_EXERCISE REQUIREMENTS_:
Go to the line with "Cable Sediles 3" in the material below and copy from there through the line with "160円 【オープニング フマキラー アリ ムカデ粉剤 1kg", exactly. Pictures are not copied.

_DATA SUPPLIED_:
☆ ☆ ☆ ☆

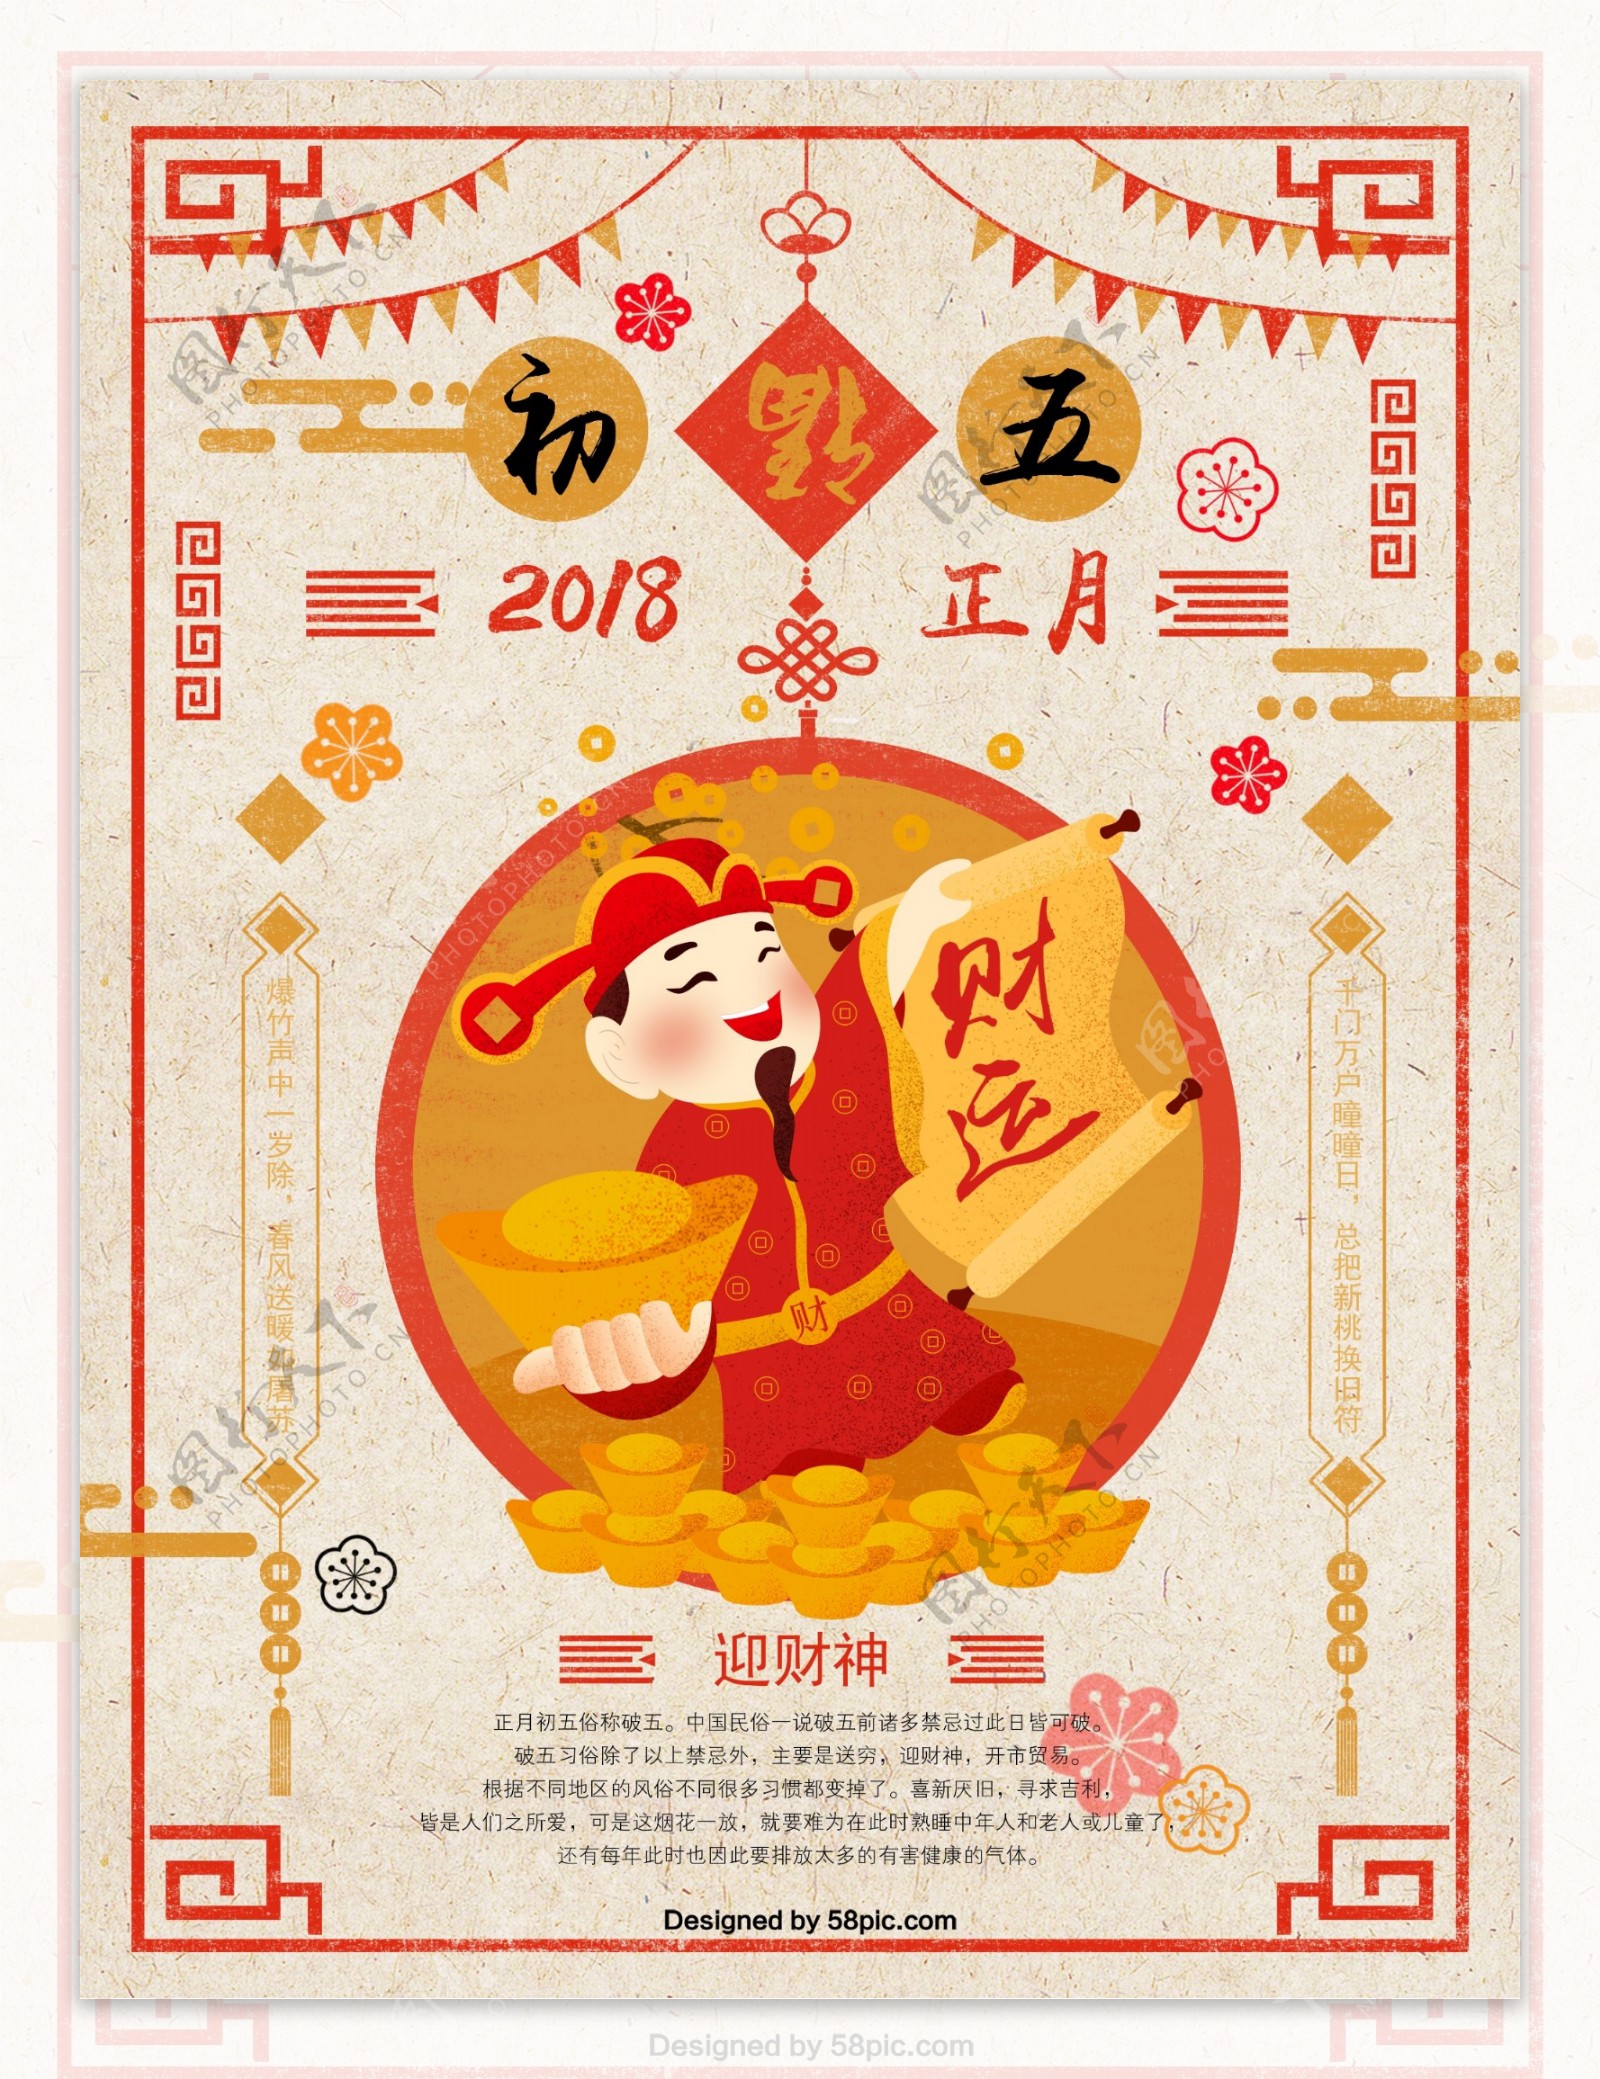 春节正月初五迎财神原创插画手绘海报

☆ ☆ ☆ ☆

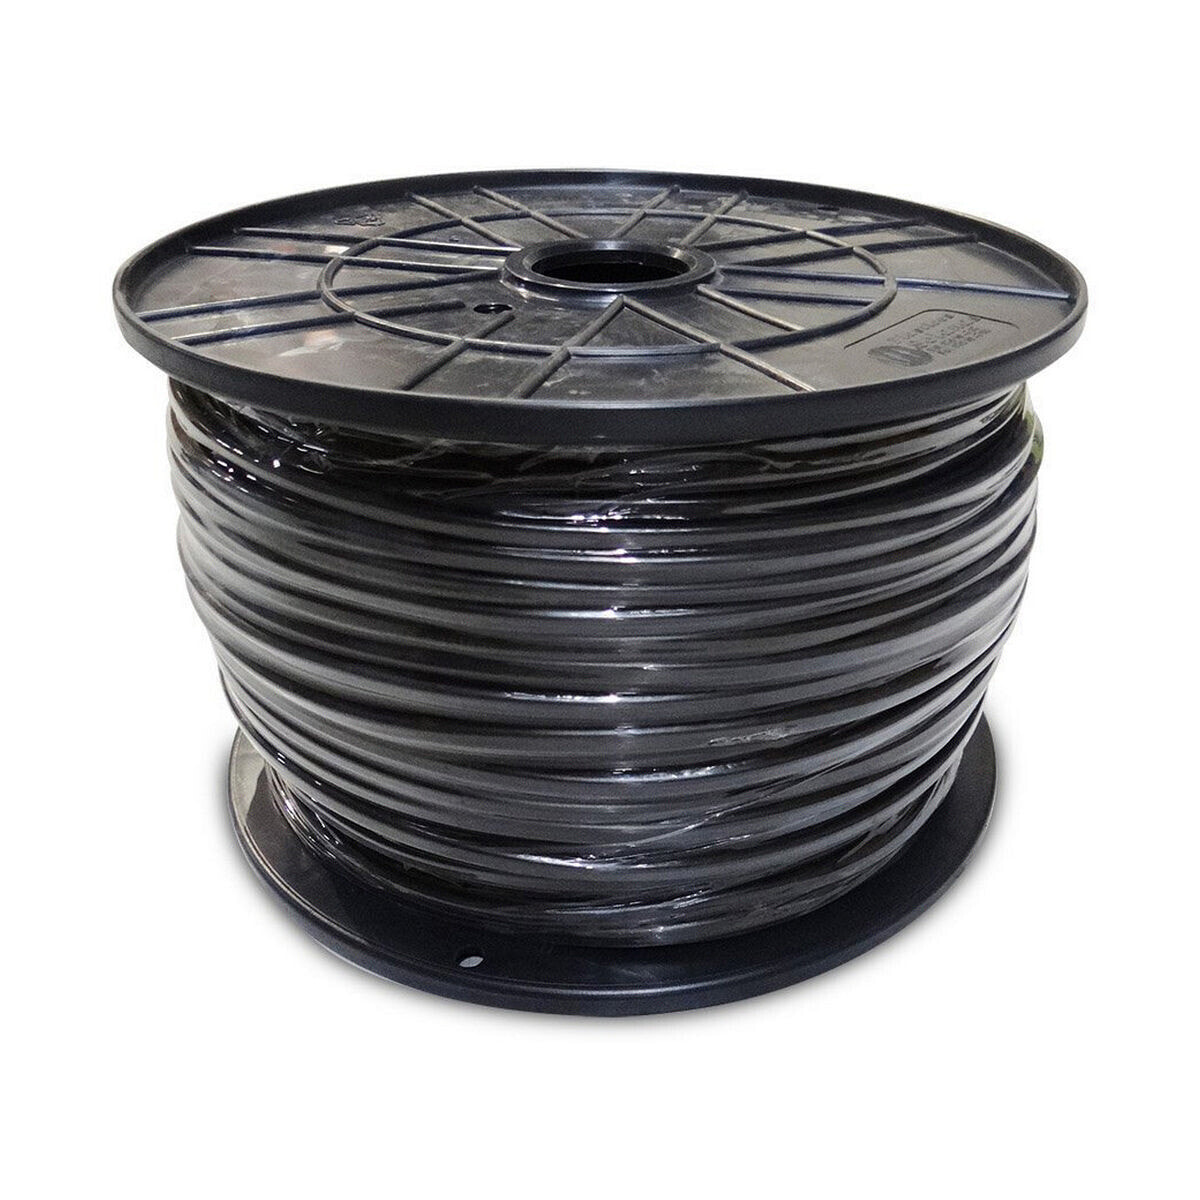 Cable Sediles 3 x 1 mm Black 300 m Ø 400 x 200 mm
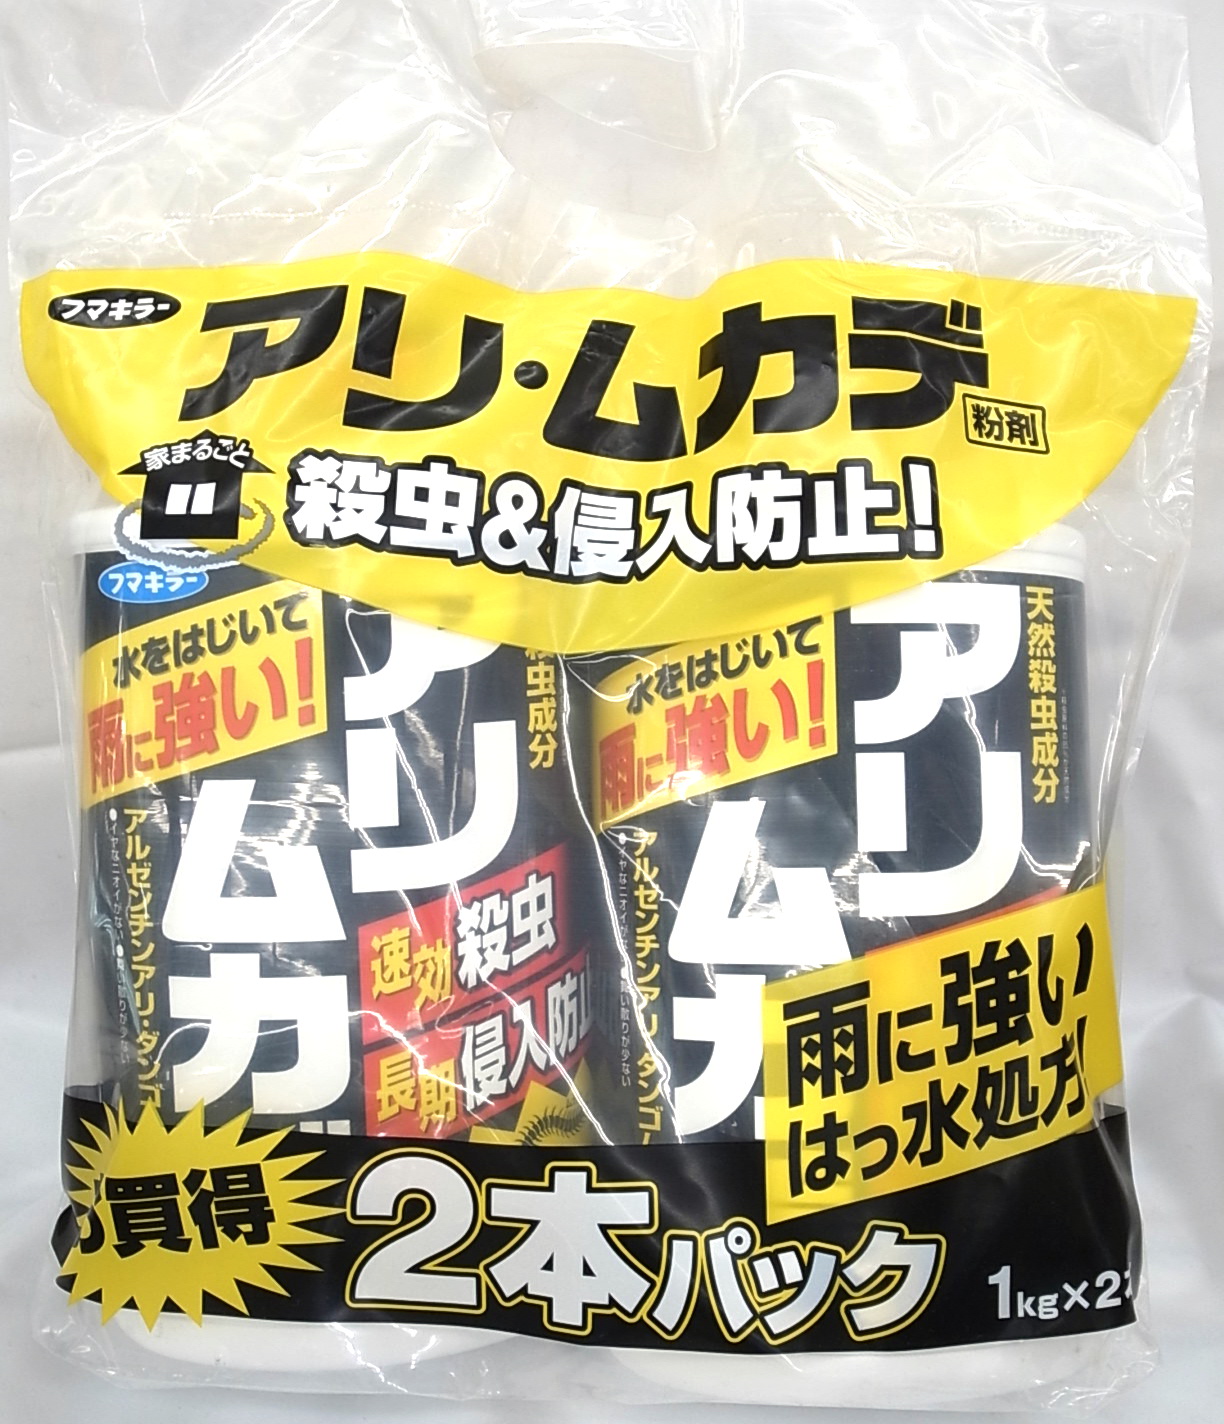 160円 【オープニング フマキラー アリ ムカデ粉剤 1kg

☆ ☆ ☆ ☆

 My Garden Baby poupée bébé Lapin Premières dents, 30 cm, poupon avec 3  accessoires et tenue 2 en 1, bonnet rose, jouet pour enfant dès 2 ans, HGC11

☆ ☆ ☆ ☆

_EXERCISE OUTPUT_:
 Cable Sediles 3 x 1 mm Black 300 m Ø 400 x 200 mm
 160円 【オープニング フマキラー アリ ムカデ粉剤 1kg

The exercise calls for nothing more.